Eigentlich müsste sich alles verändern, damit es irgendwie weiter gehen kann.
Elisabeth Rank, Und im Zweifel für dich selbst, Seite 98, 2010
Heute gibt es - mit der markanten Ausnahme des Schlafs - nur noch sehr wenige Zeiten, die nicht von Arbeit, Konsum oder Vermarktung durchdrungen und vereinnahmt wären.
Jonathan Crary, Vom Schlaf (via Le Monde Diplomatique), Juni 2014
Ich glaube, dass die Moral sozusagen das Gleichgewicht der gleichzeitigen Existenz bedeutet.

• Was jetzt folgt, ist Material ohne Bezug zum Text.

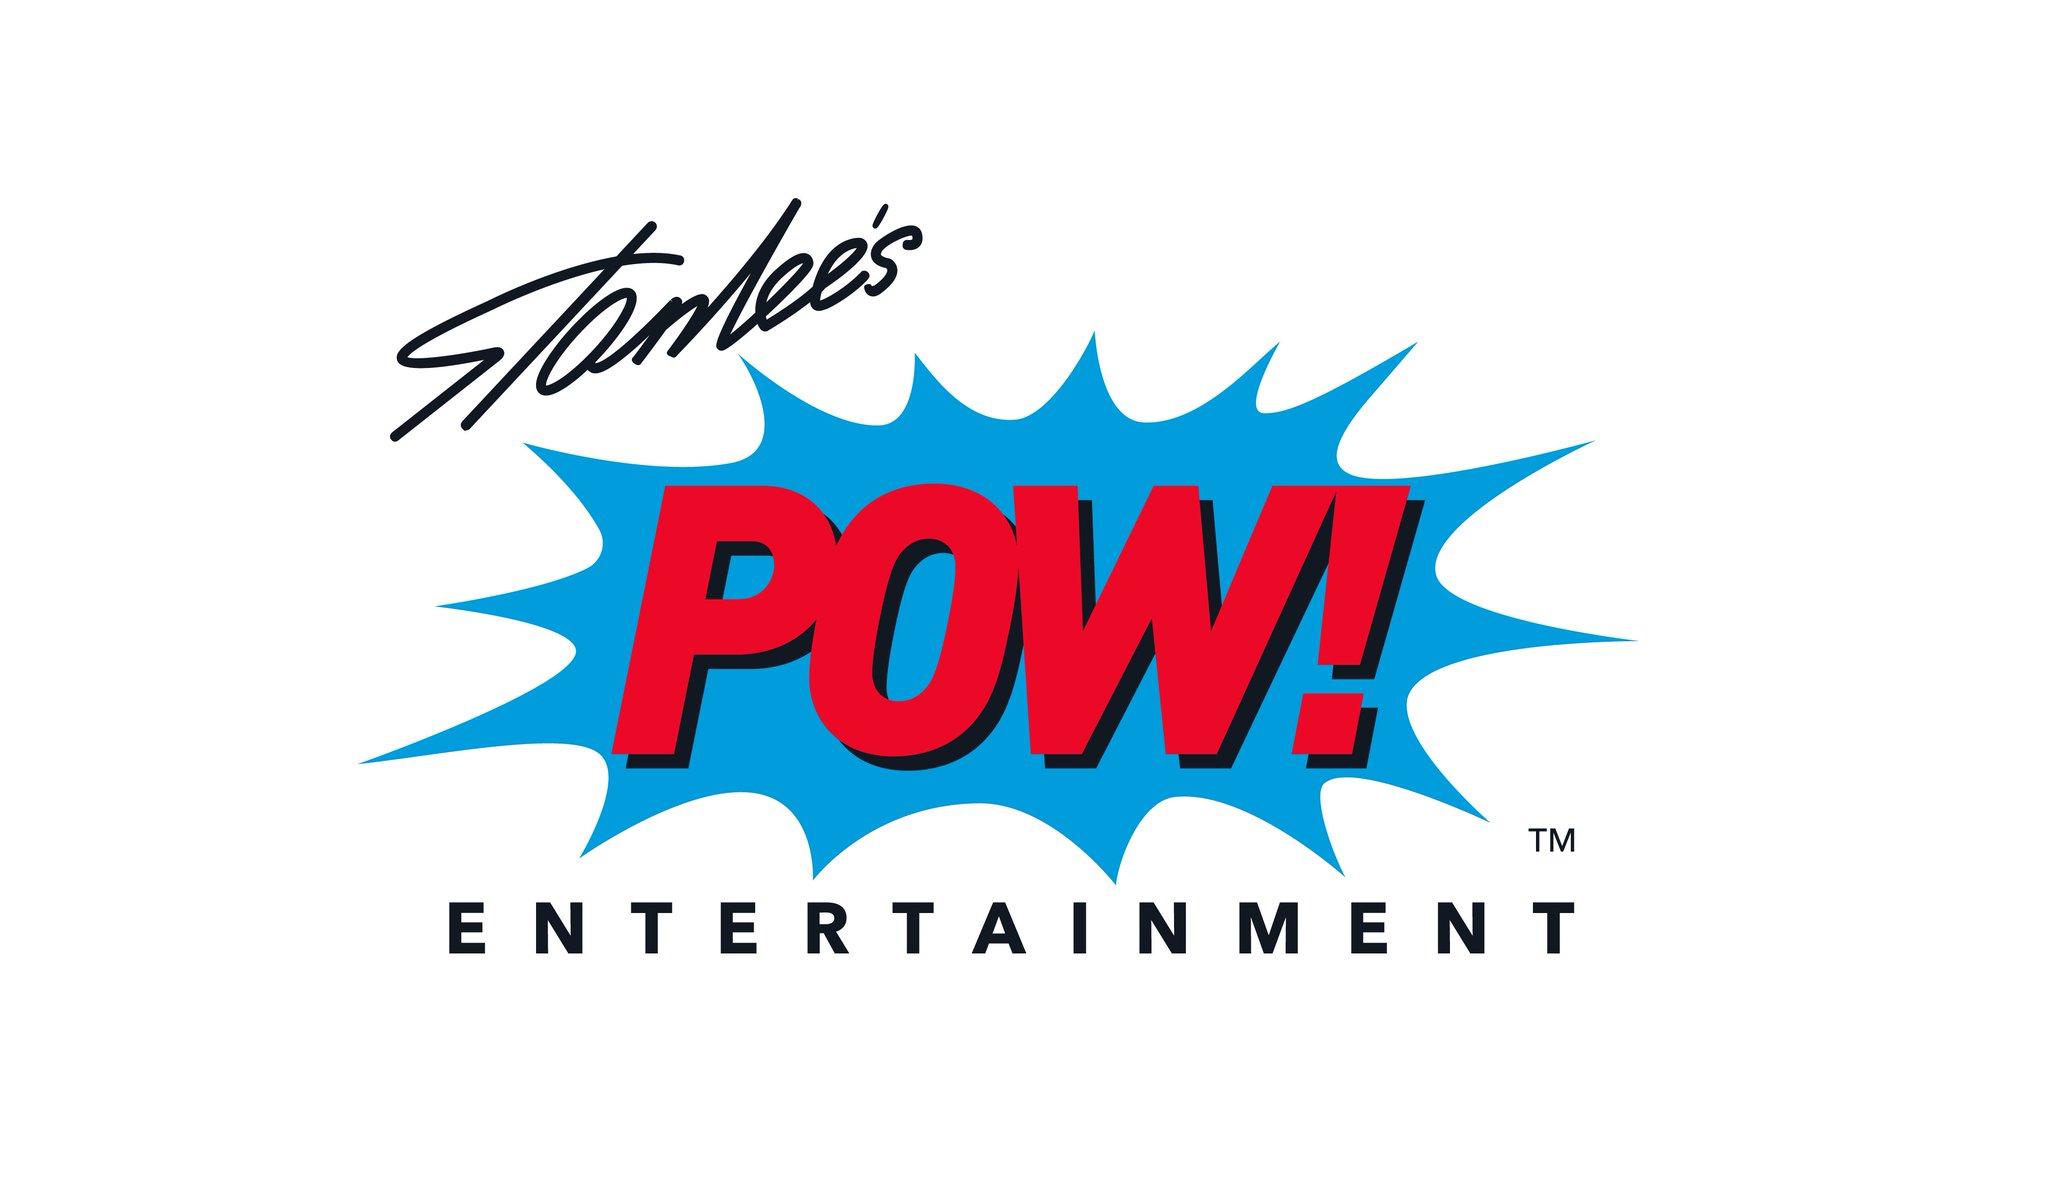 Stan Lee and POW! Entertainment Pledge: https://t.co/85S6DYtrKd https://t.co/4rSA6EiMkI

Haruki Murakami, Der Elefant verschwindet, Scheunenabbrennen, Seite 128, 1993
[Das Gewohnte] ist ja subjektiv meist noch hemmender als das Mächtige, indem es sich unaufhörlicher und darum weniger pathetisch darstellt; indem es das Bewusstsein des Widerspruchs betäubt, den Anlass zum Mut herabsetzt.
Ernst Bloch, Freiheit und Ordnung, Abriss der Sozialutopien, Seite 17, 1959
…weil in jeder Möglichkeit, die wir haben, immer auch schon der Verlust steckt.
Elisabeth Rank, Bist du noch wach?, Seite 205, 20??
Wir suchen nach den Menschen, die uns begegnen, nicht wahr?
Astrid Rosenfeld, Adams Erbe, Seite 166, 2011
Freiheit bedeutet nicht Unabhängigkeit. Man ist immer von irgendwem oder irgendwas abhängig. Freiheit bedeutet Furchtlosigkeit. Sich nicht zu fürchten ist die einzige Freiheit, die wir jemals erlangen können.
Astrid Rosenfeld, Adams Erbe, Seite 160, 2011
Lösen wir uns auf, wenn uns niemand mehr sagt, wer wir sind, oder werden wir erst dann zu dem, was wir eigentlich sein sollten?
Astrid Rosenfeld, Adams Erbe, Seite 107, 2011
Man kann eine ganze Menge kaputtmachen, indem man bestimmte Dinge nicht tut.
Astrid Rosenfeld, Adams Erbe, Seite 13, 2011
Viele Länder durchstreifen, heißt kein Land zu eigen haben.